Top of Supplied data

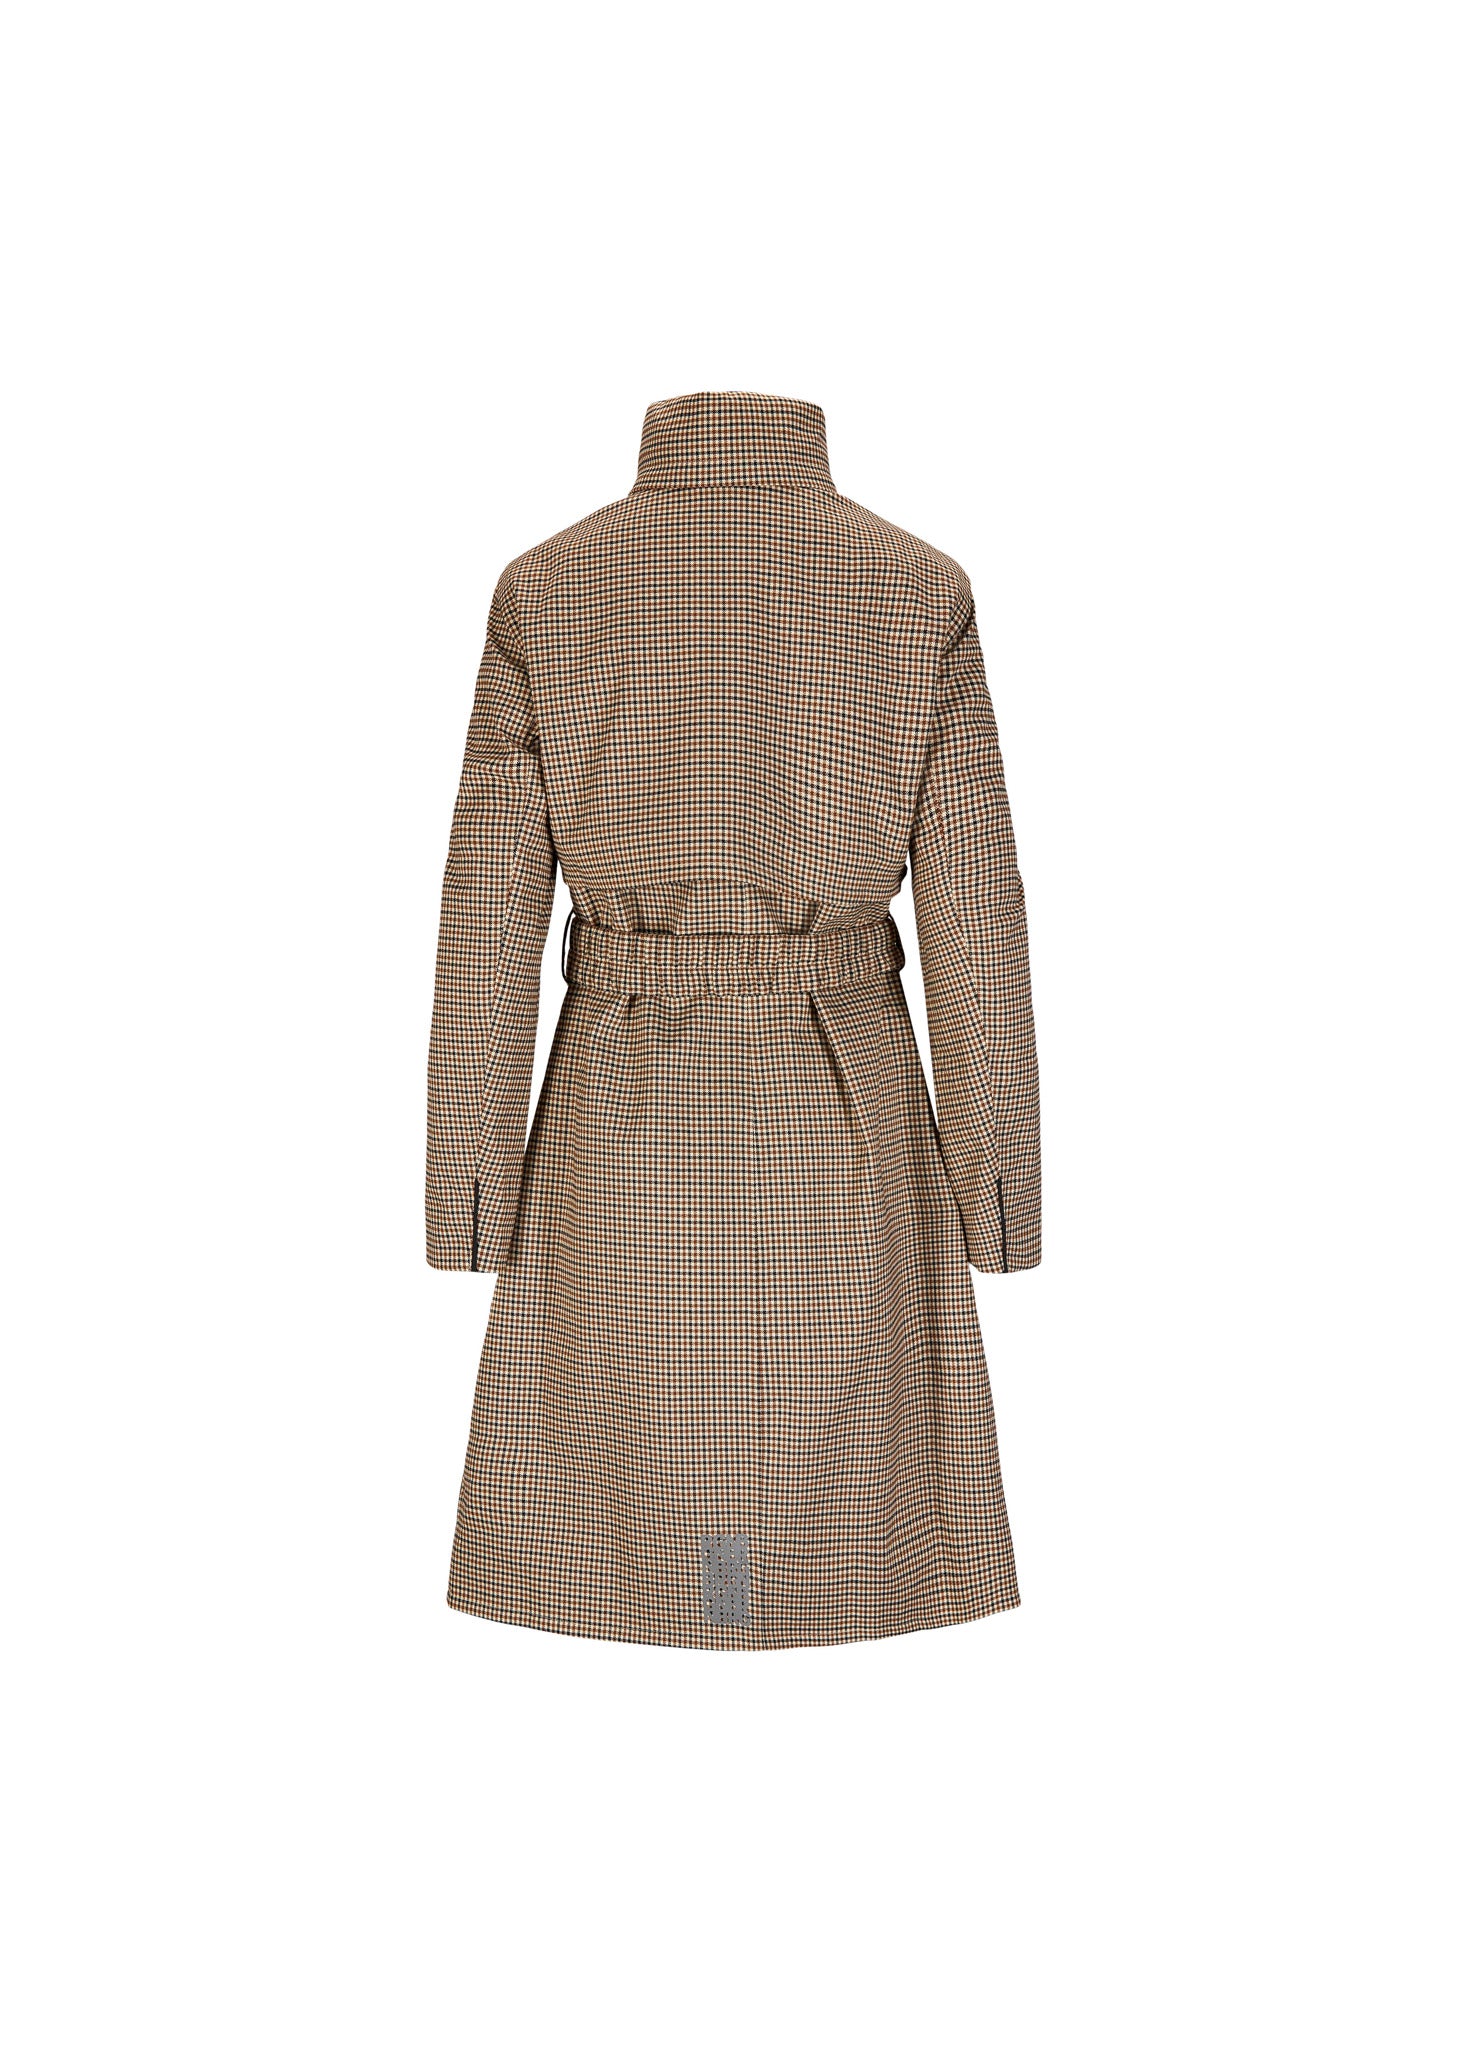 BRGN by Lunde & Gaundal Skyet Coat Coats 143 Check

Bottom of Supplied data
Top of Supplied data

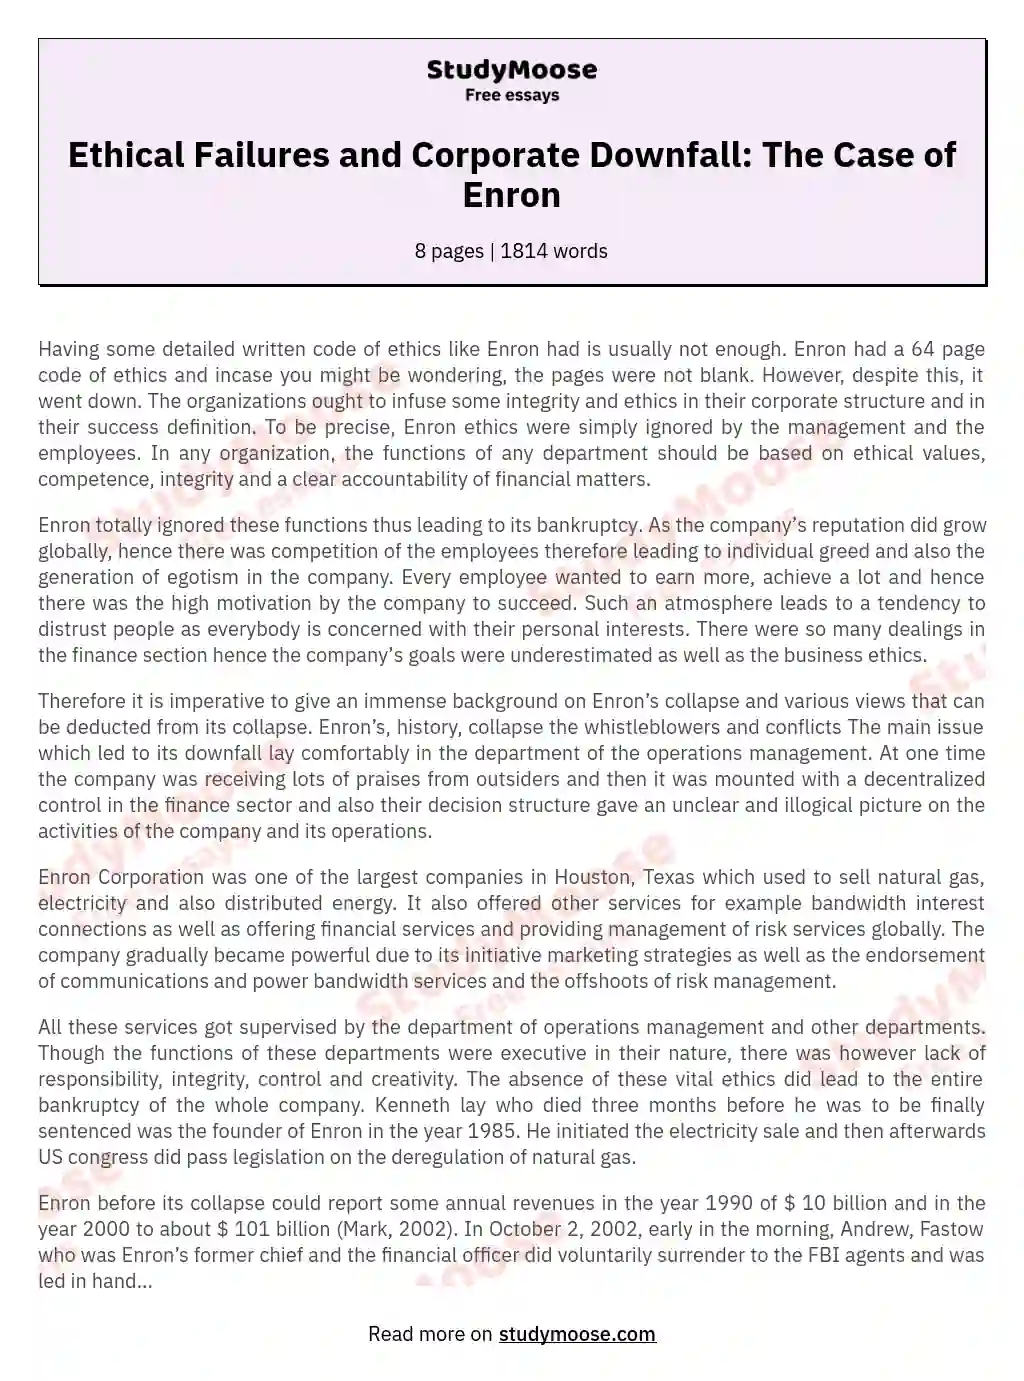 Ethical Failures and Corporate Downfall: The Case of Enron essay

Bottom of Supplied data
Top of Supplied data

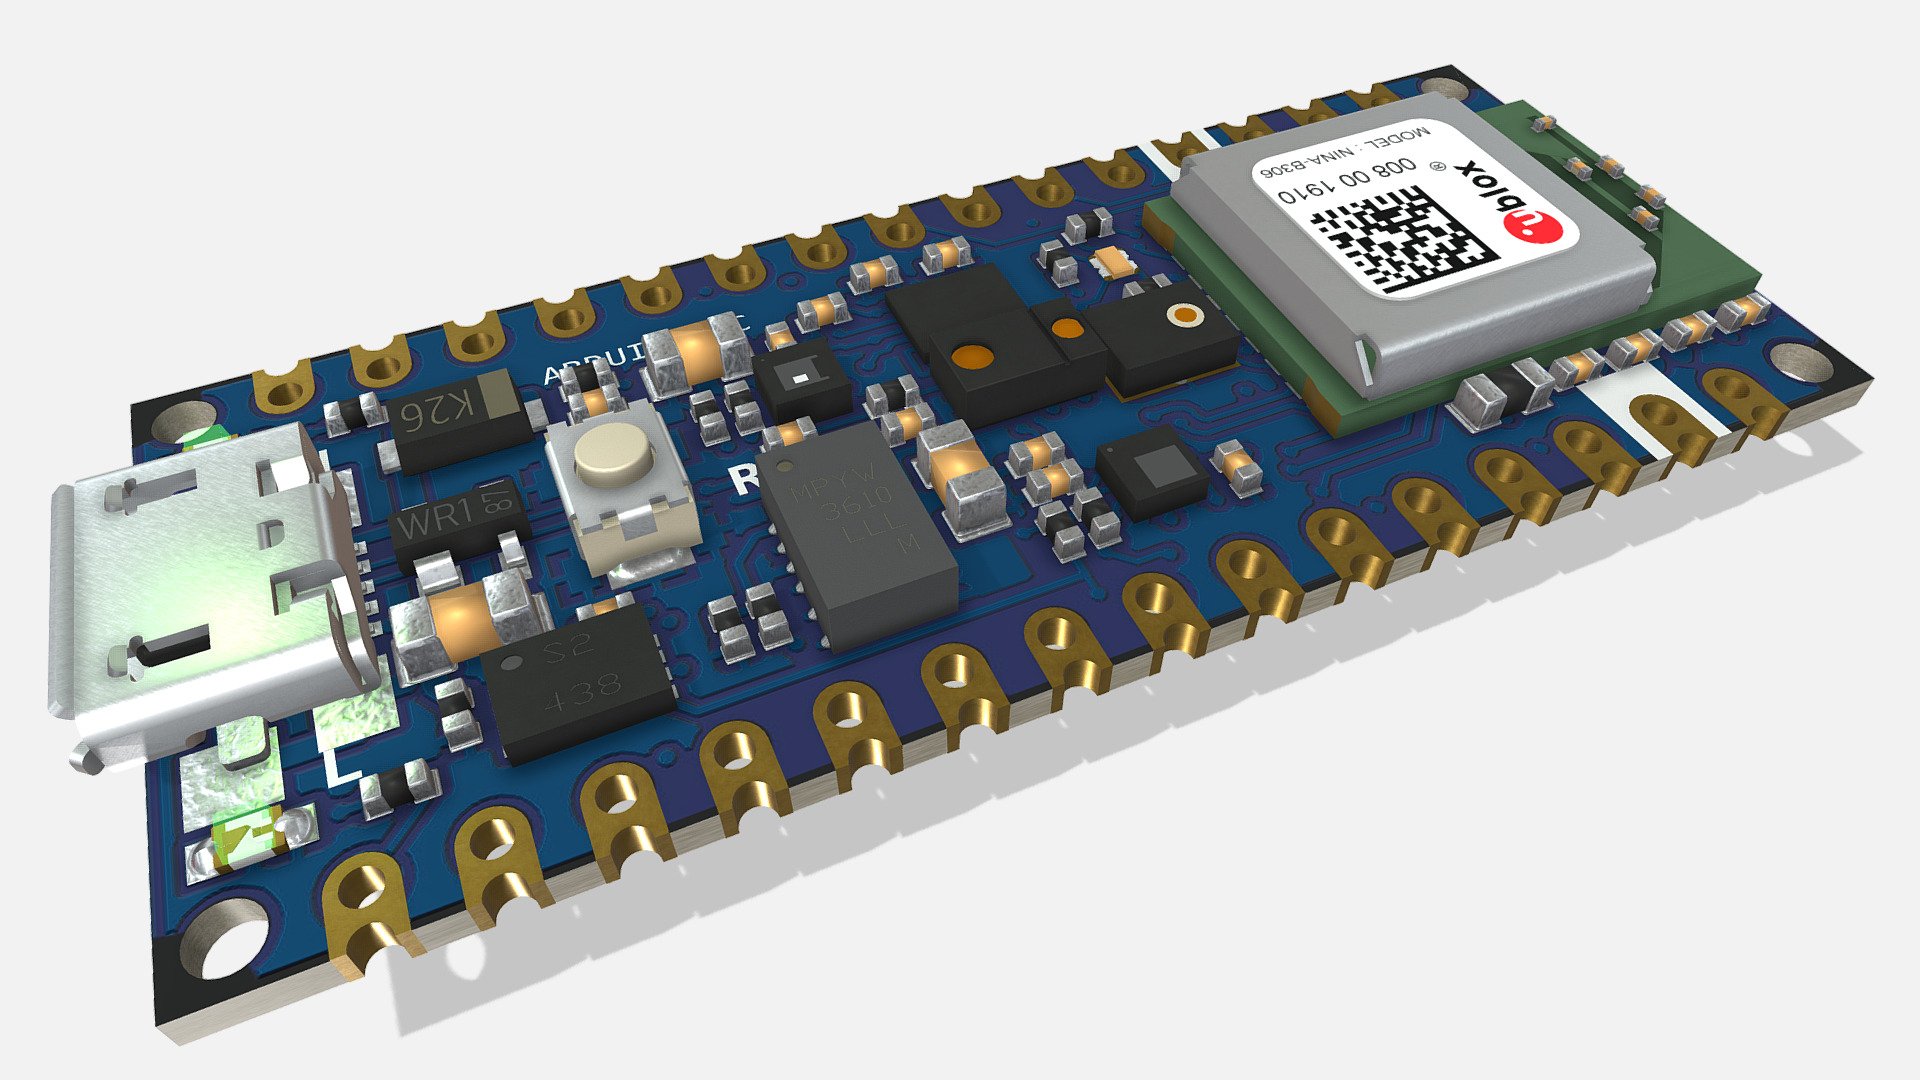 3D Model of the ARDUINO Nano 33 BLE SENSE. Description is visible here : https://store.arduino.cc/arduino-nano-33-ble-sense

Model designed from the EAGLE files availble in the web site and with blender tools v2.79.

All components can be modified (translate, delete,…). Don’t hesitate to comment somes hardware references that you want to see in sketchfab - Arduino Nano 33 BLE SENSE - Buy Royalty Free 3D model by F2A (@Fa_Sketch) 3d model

Bottom of Supplied data

--- Exercise brief ---
Lines wanted from the entries above: the one with "3D Model of", the one with "Model designed from", and all lines between. Please copy them exactly, without the pictures and without anything else.

--- Output below ---
 3D Model of the ARDUINO Nano 33 BLE SENSE. Description is visible here : https://store.arduino.cc/arduino-nano-33-ble-sense

Model designed from the EAGLE files availble in the web site and with blender tools v2.79.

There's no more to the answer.